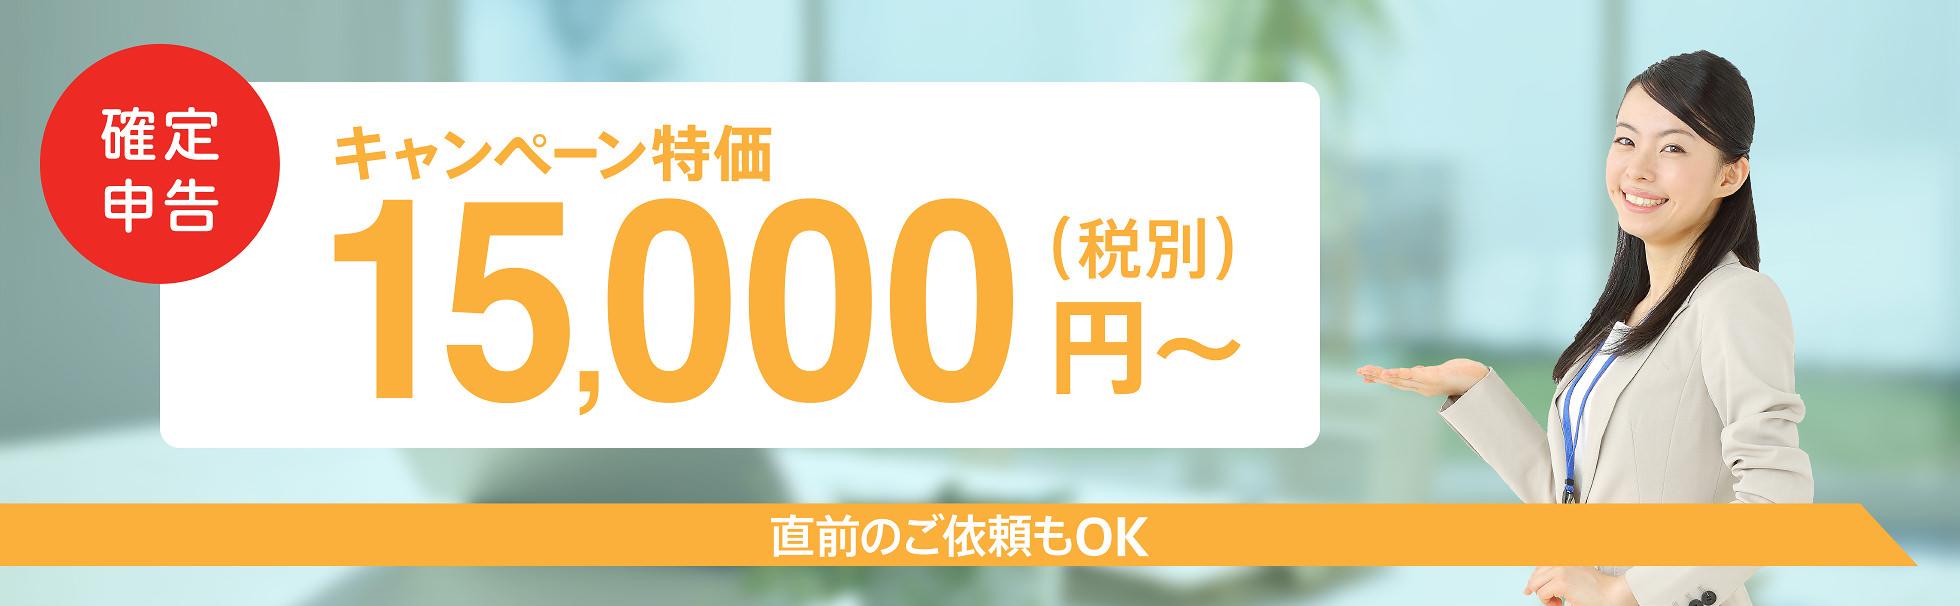 確定申告代行キャンペーン15,000円から
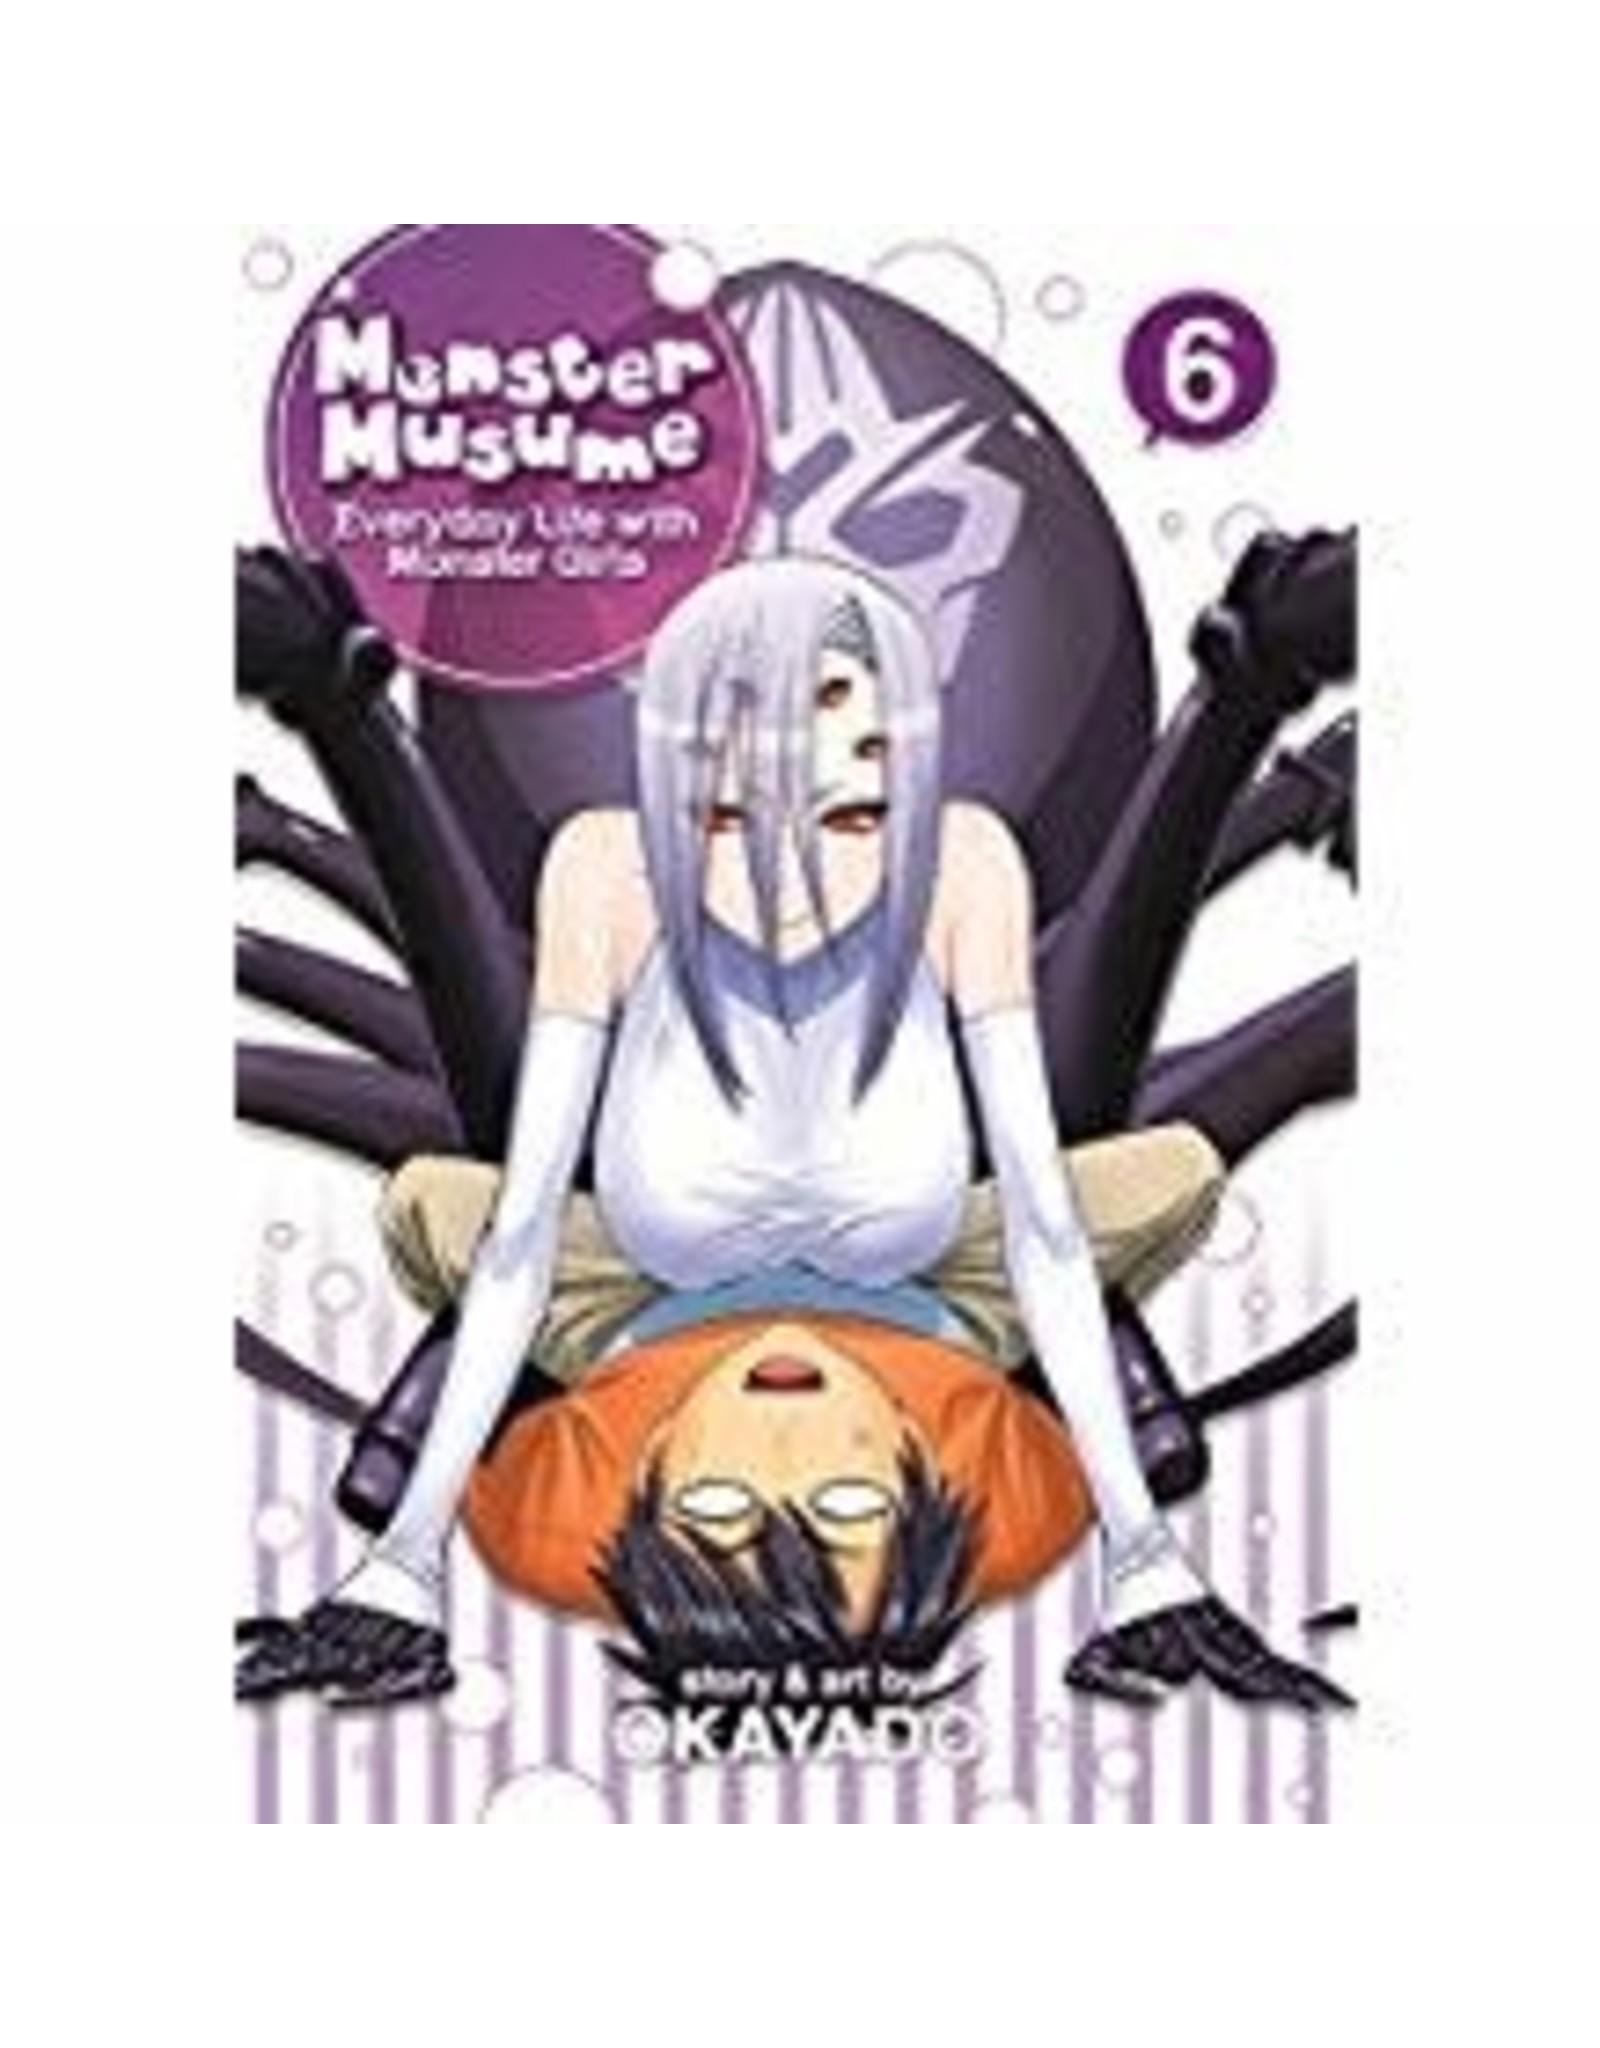 Monster Musume Volume 06 (English Version)
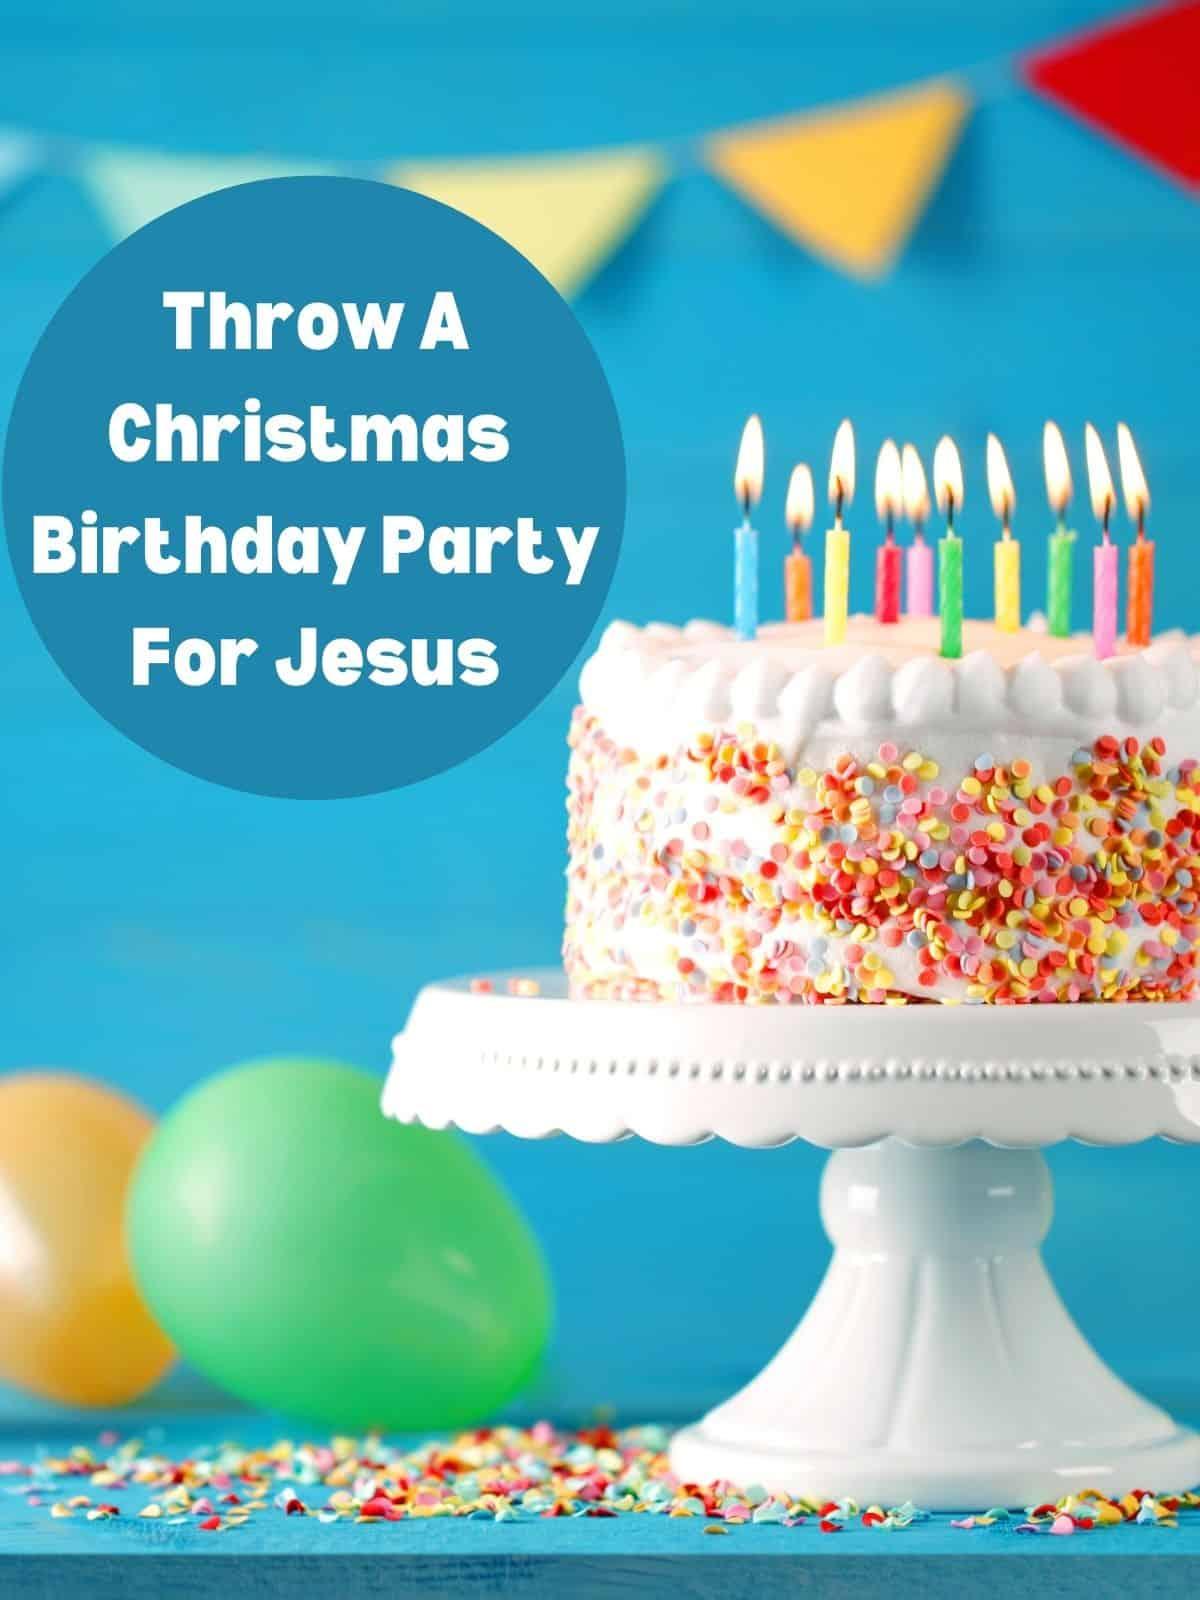 birthday cake for jesus' birthday

--------------------

**Task:**
Leave the pictures out and reproduce exactly the lines from the line with "Monster Musume Volume 06 (English Version)" to the end of the material above.

**Result of the task:**
 Monster Musume Volume 06 (English Version)
 birthday cake for jesus' birthday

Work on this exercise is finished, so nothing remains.